— Supplied information —
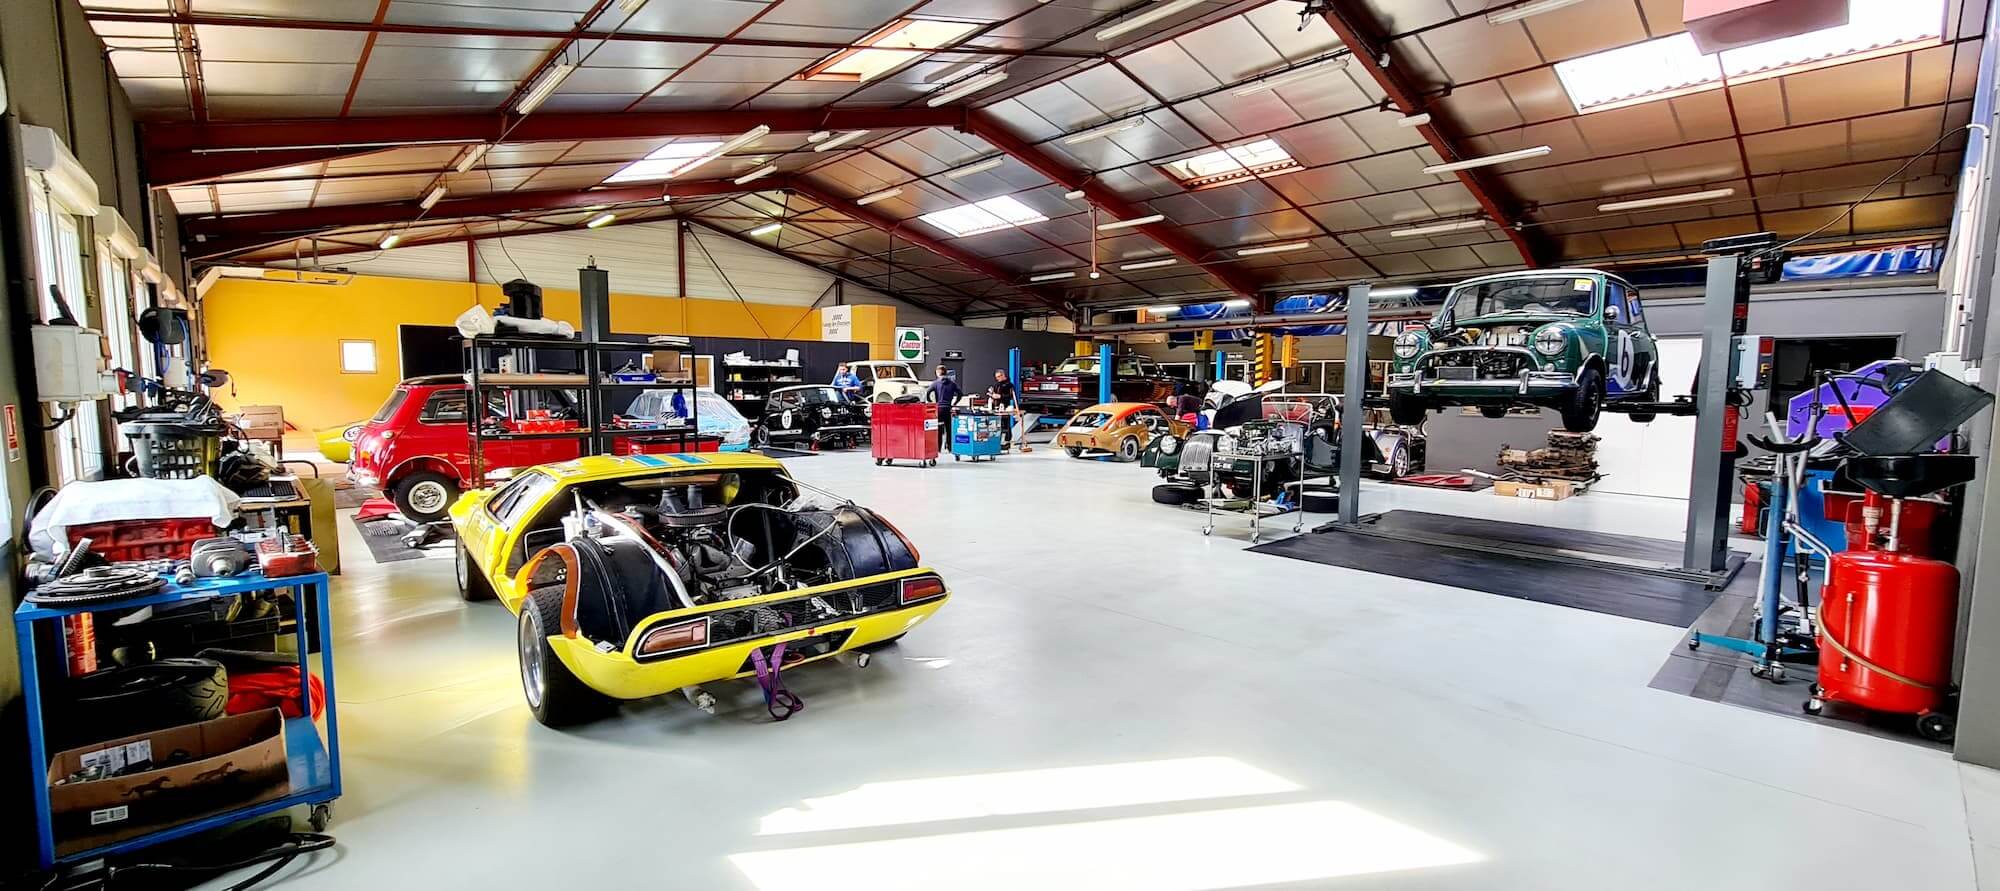 Garage des Damiers - Atelier mécanique - Préparation compétition automobile - historic racing - historic cars - classic cars
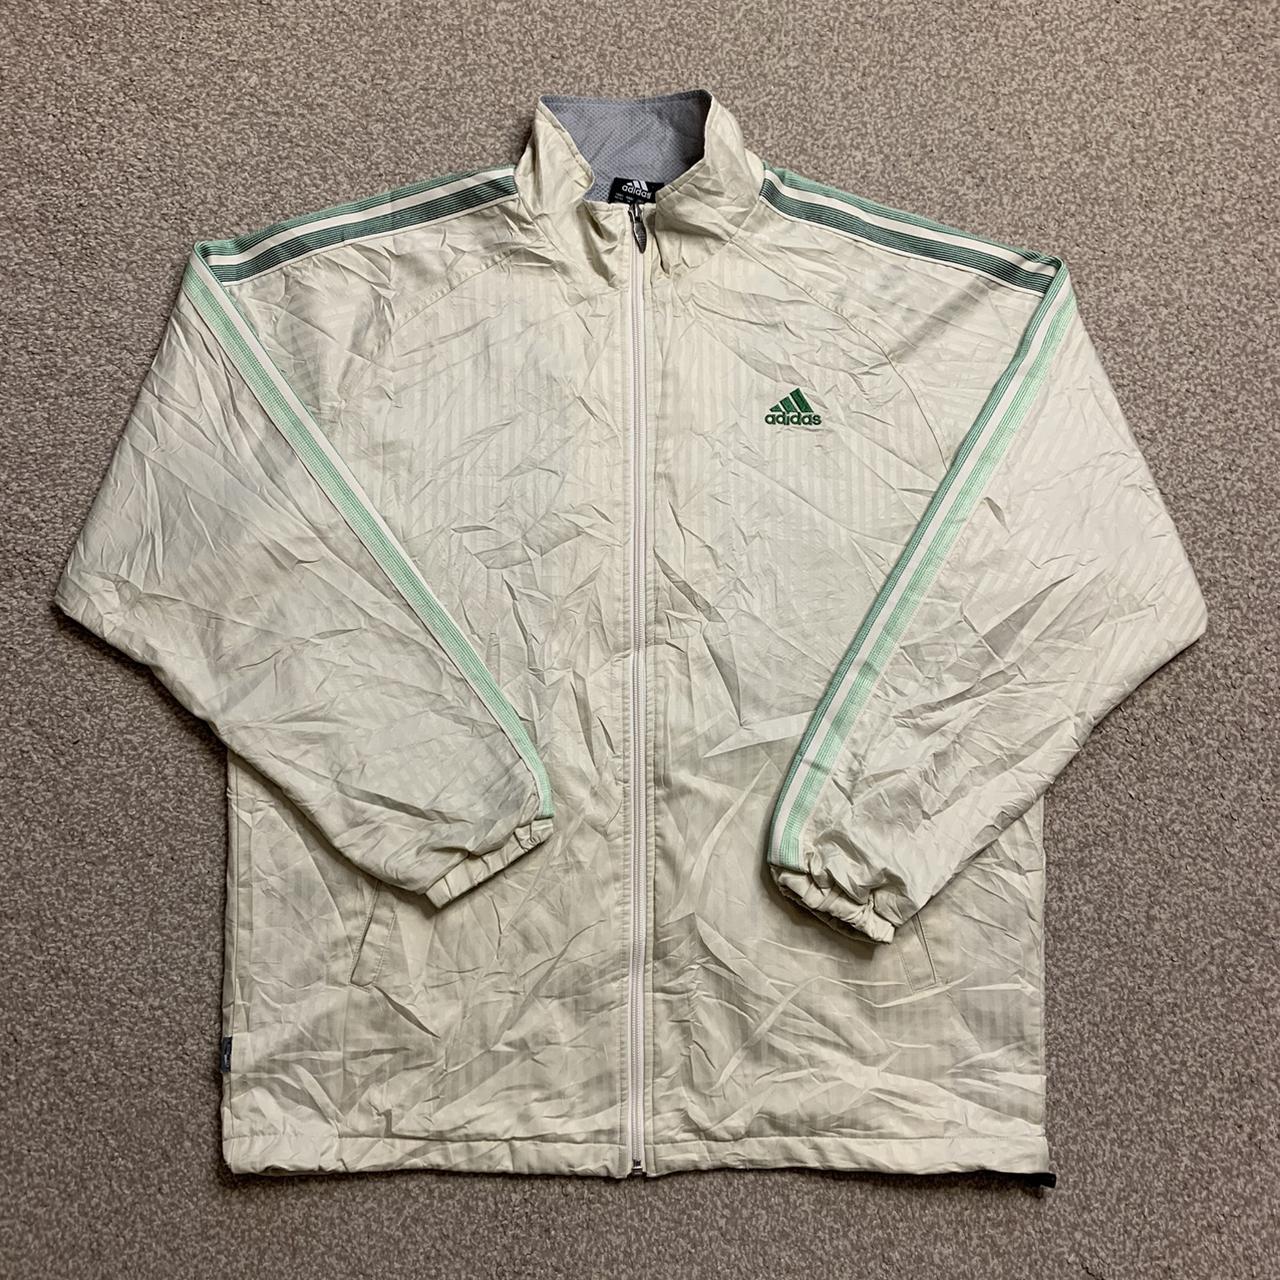 Adidas Windbreaker Jacket Vintage Tracksuit Jacket... - Depop
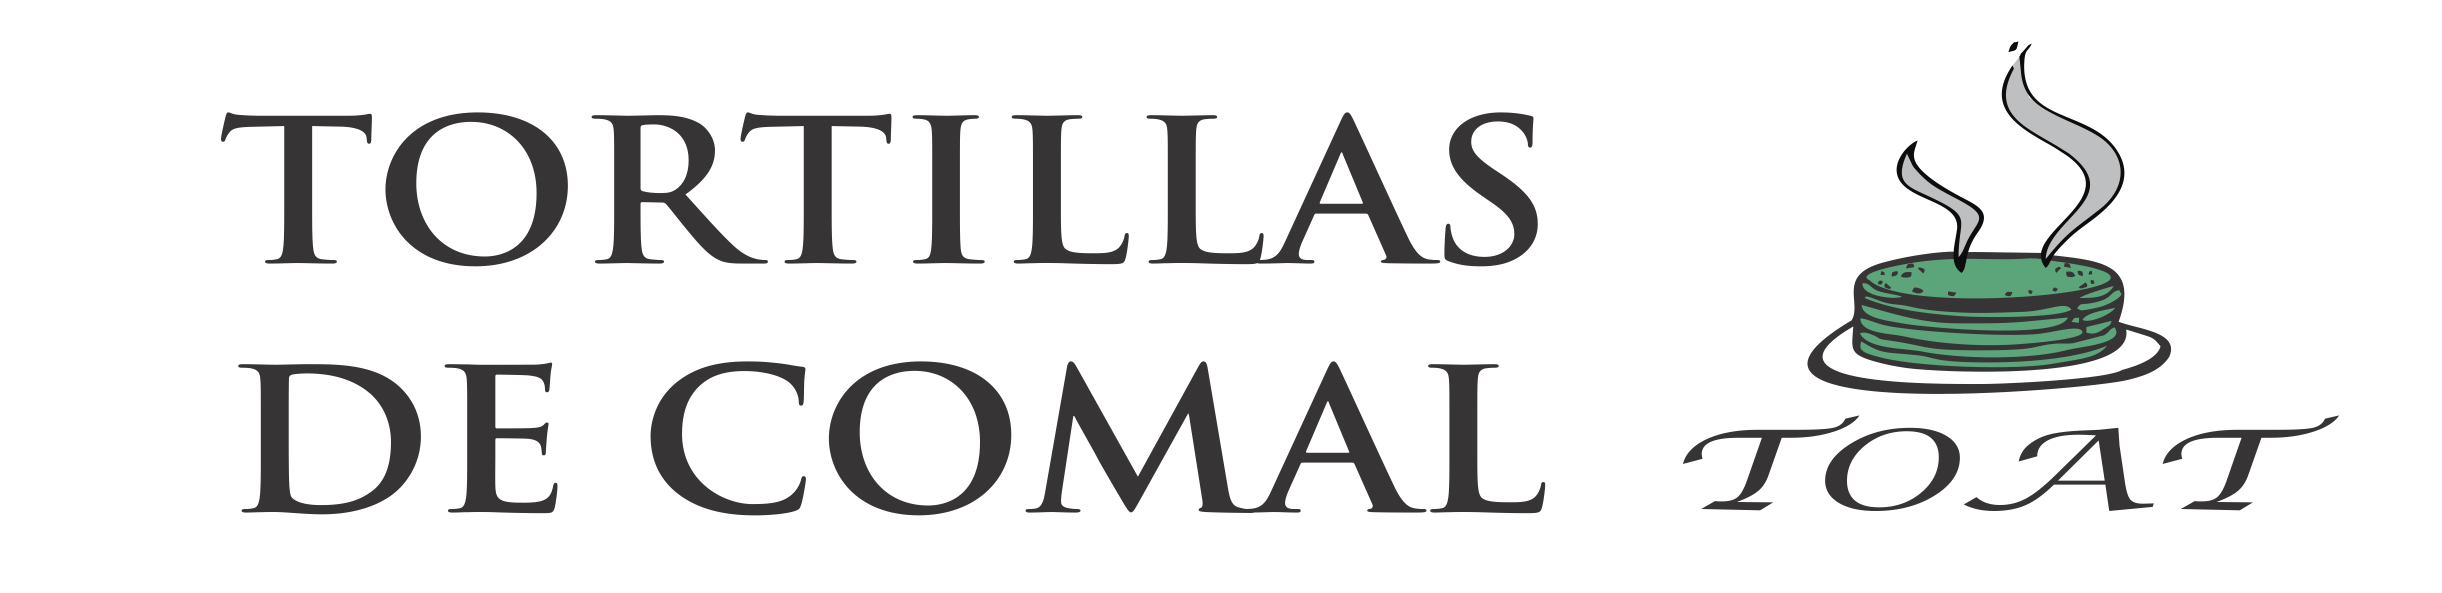 TORTILLAS DE COMAL TOAT

— What you have to do —
With all pictures omitted, return the lines from the line containing "Adidas Windbreaker Jacket" through the closing line of the listing above, exactly and inclusive.

— Answer area —
 Adidas Windbreaker Jacket Vintage Tracksuit Jacket... - Depop
 TORTILLAS DE COMAL TOAT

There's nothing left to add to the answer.